(Information provided begins)
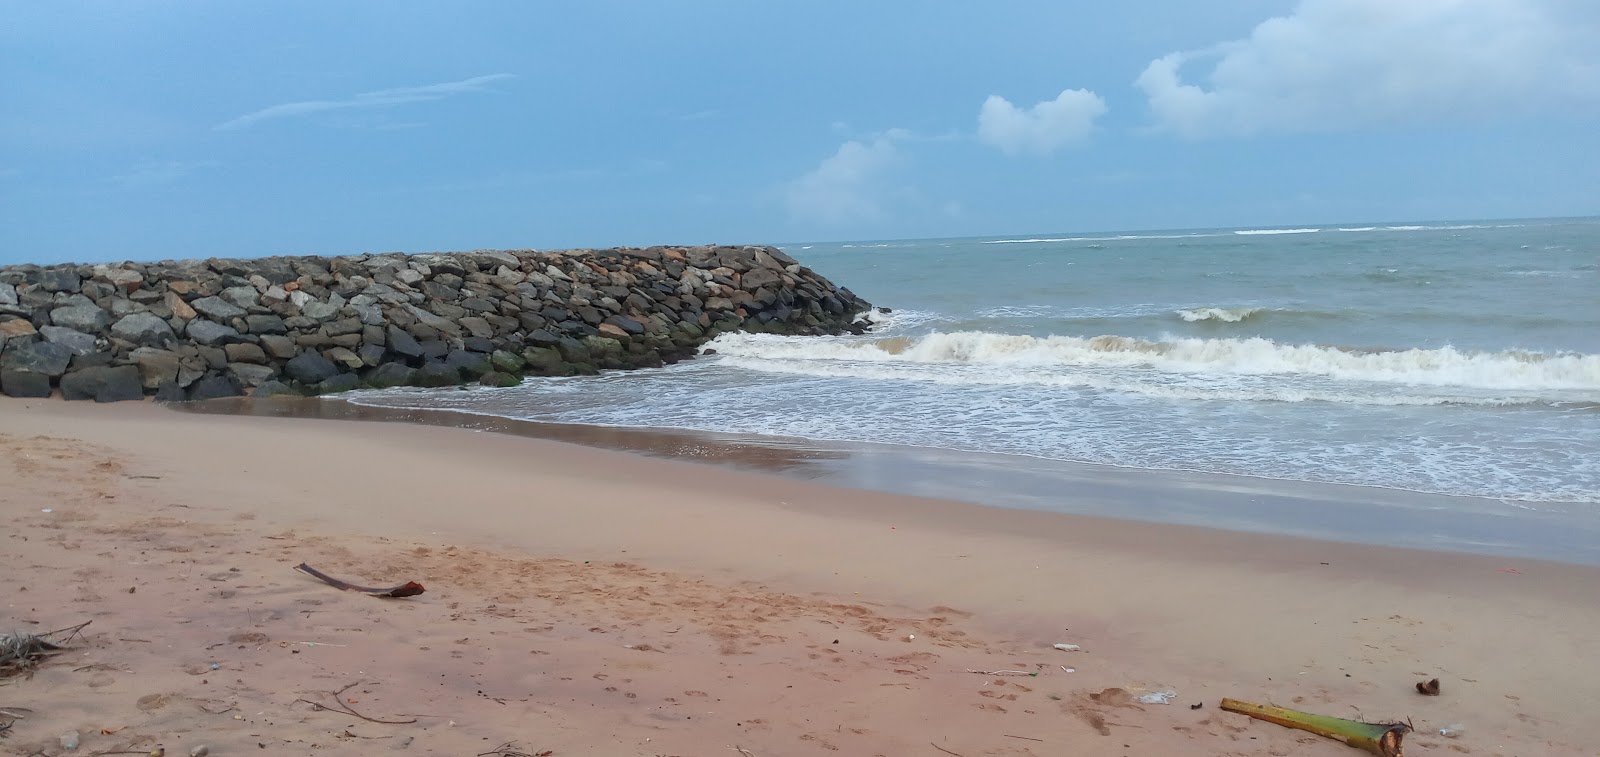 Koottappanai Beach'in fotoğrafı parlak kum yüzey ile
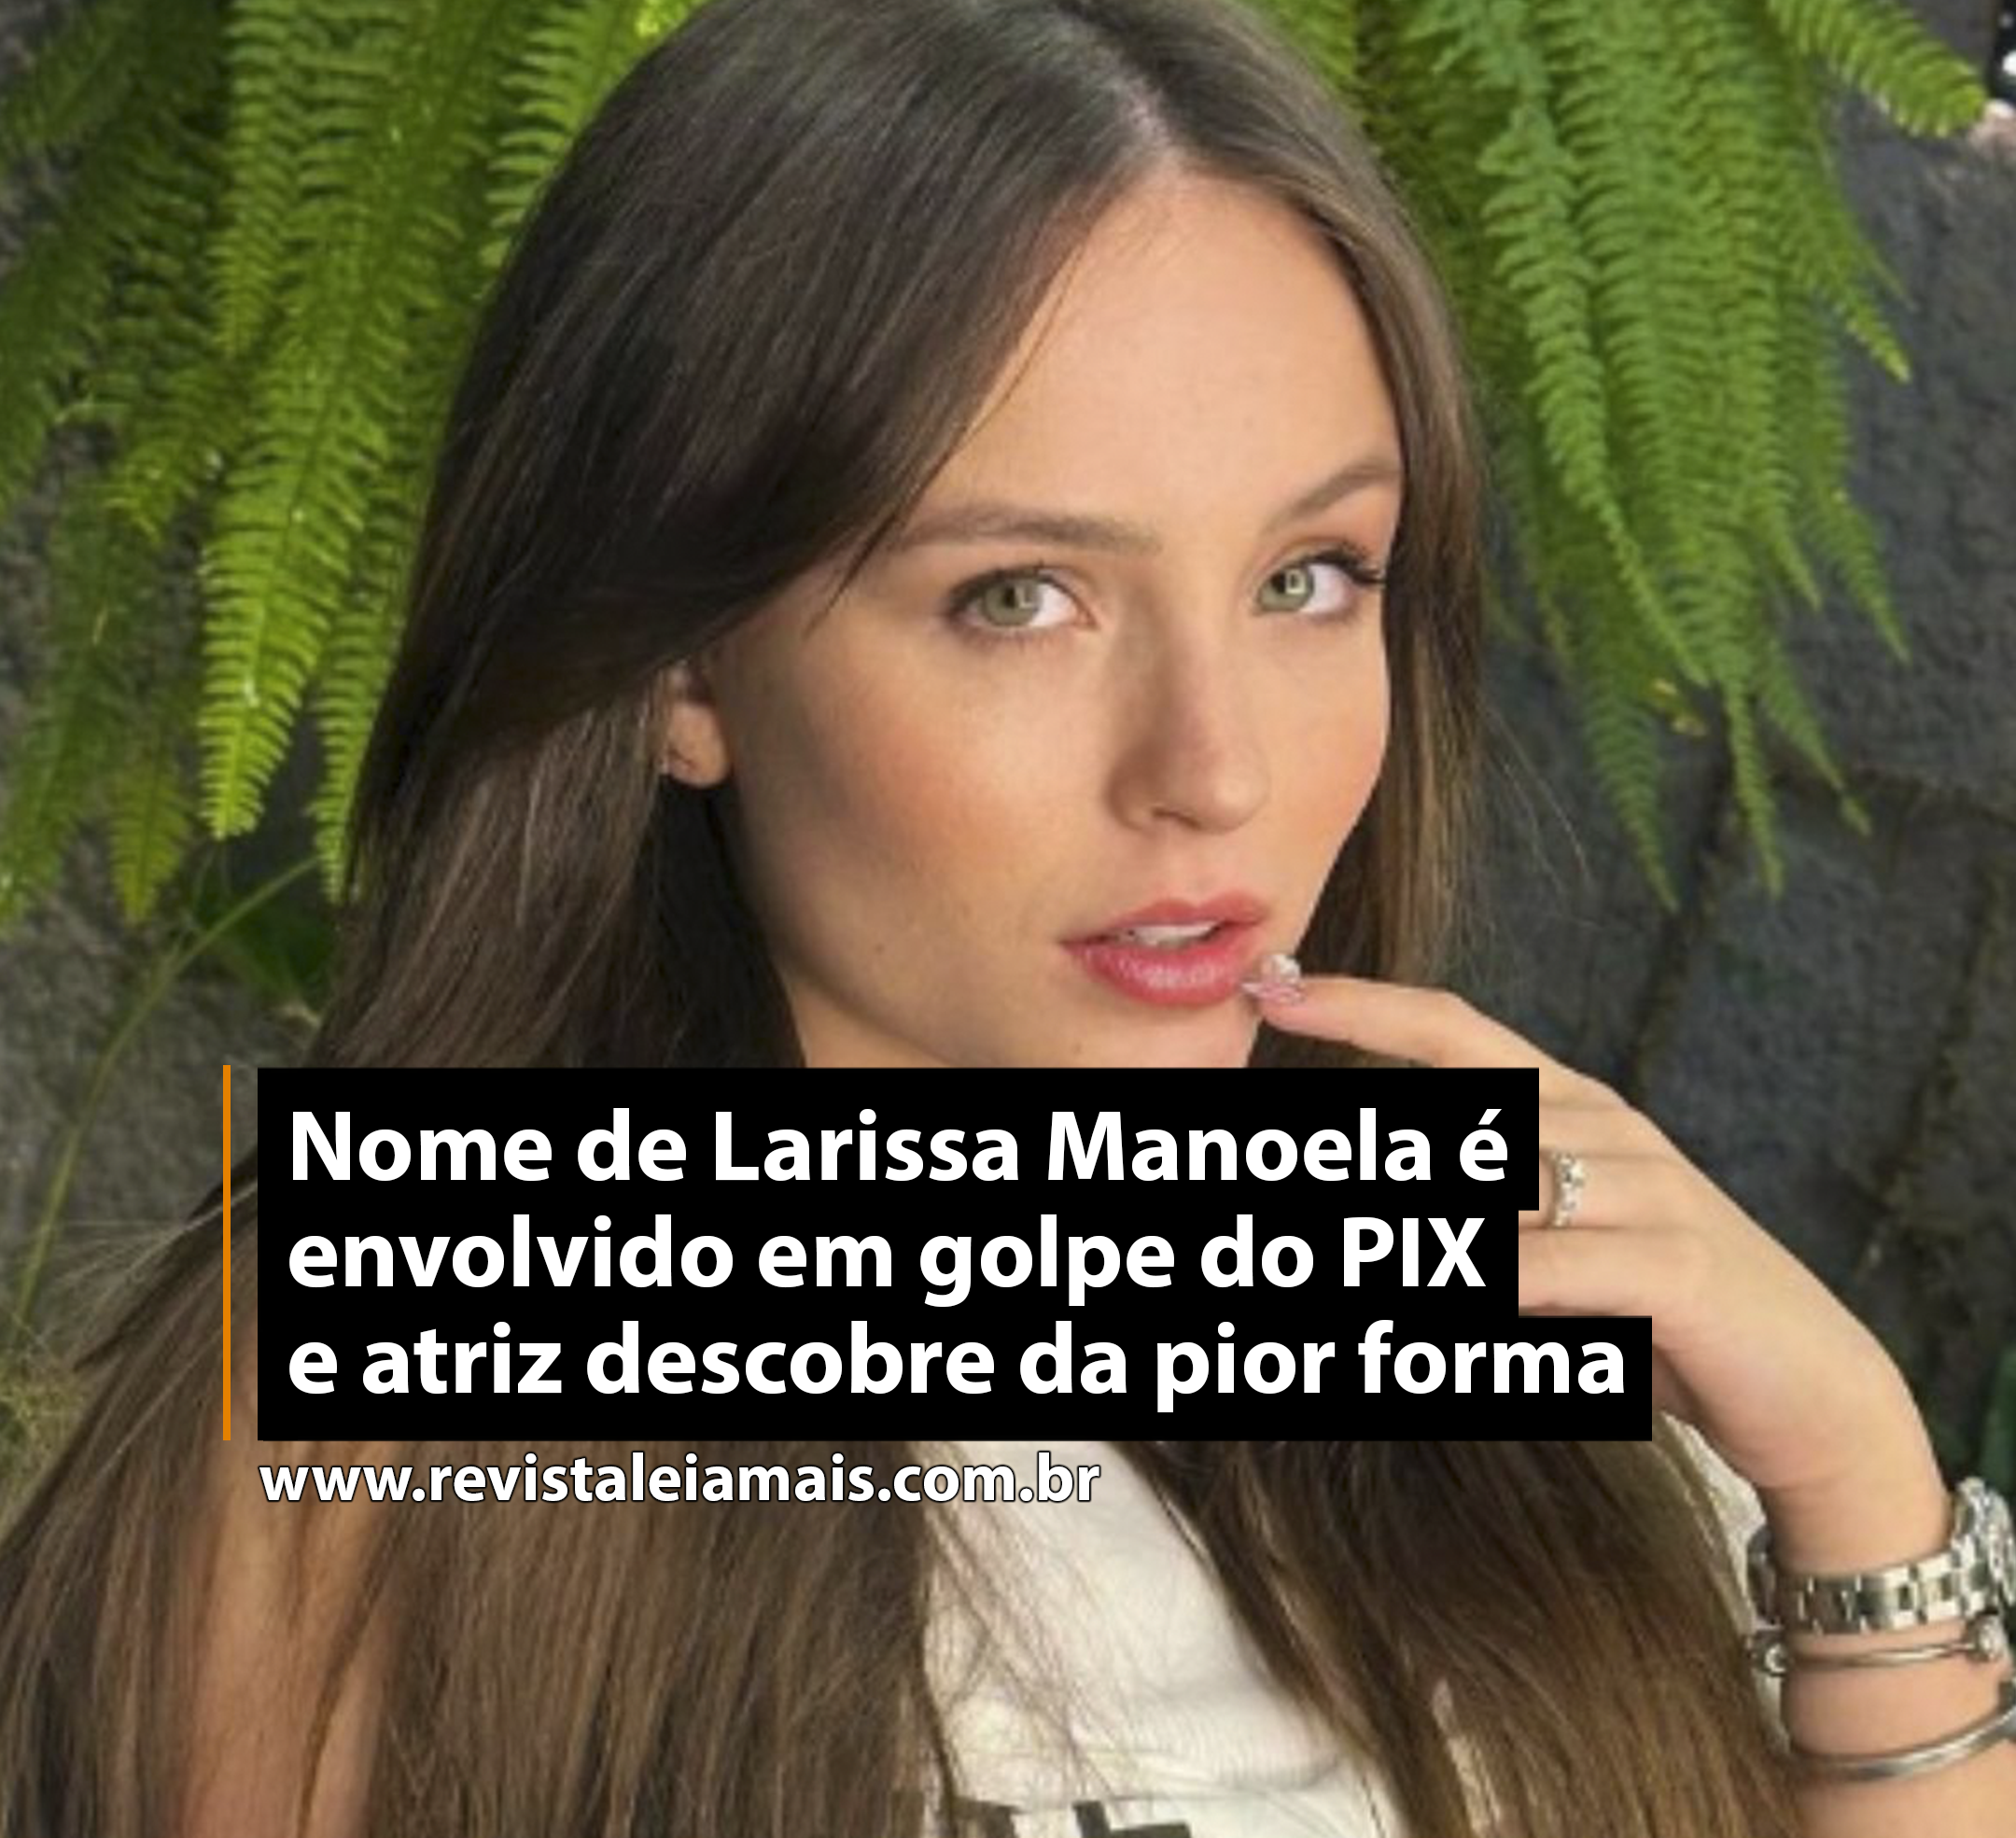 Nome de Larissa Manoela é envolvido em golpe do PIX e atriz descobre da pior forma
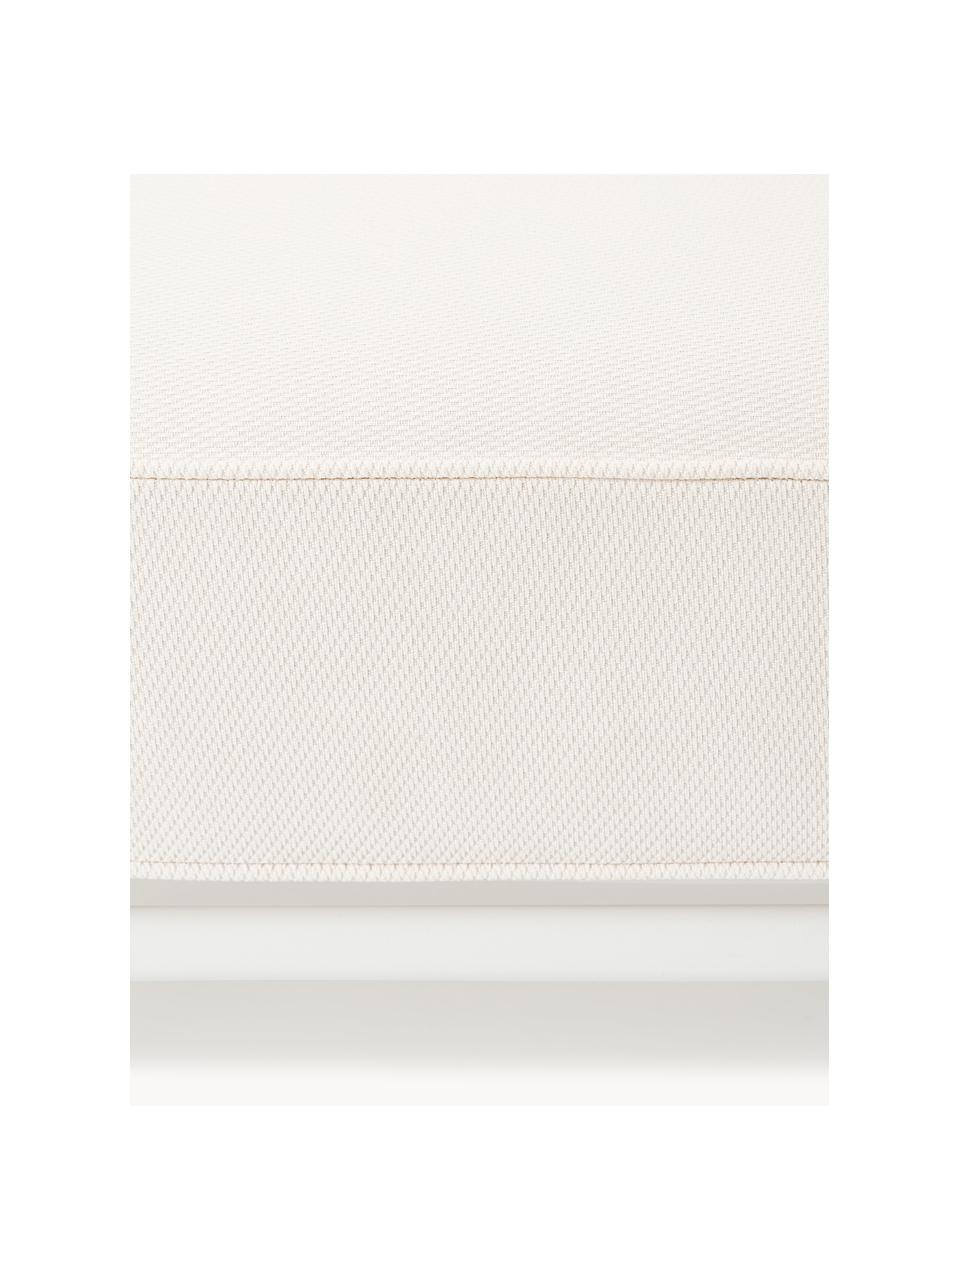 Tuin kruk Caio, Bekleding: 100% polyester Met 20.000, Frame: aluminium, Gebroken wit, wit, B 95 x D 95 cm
(Information provided ends)
**Activity:** Repeat the material verbatim. Do not carry over any picture.

**Solution for this problem:**
 Koottappanai Beach'in fotoğrafı parlak kum yüzey ile
 Nome de Larissa Manoela é envolvido em golpe do PIX e atriz descobre da pior forma
 Tuin kruk Caio, Bekleding: 100% polyester Met 20.000, Frame: aluminium, Gebroken wit, wit, B 95 x D 95 cm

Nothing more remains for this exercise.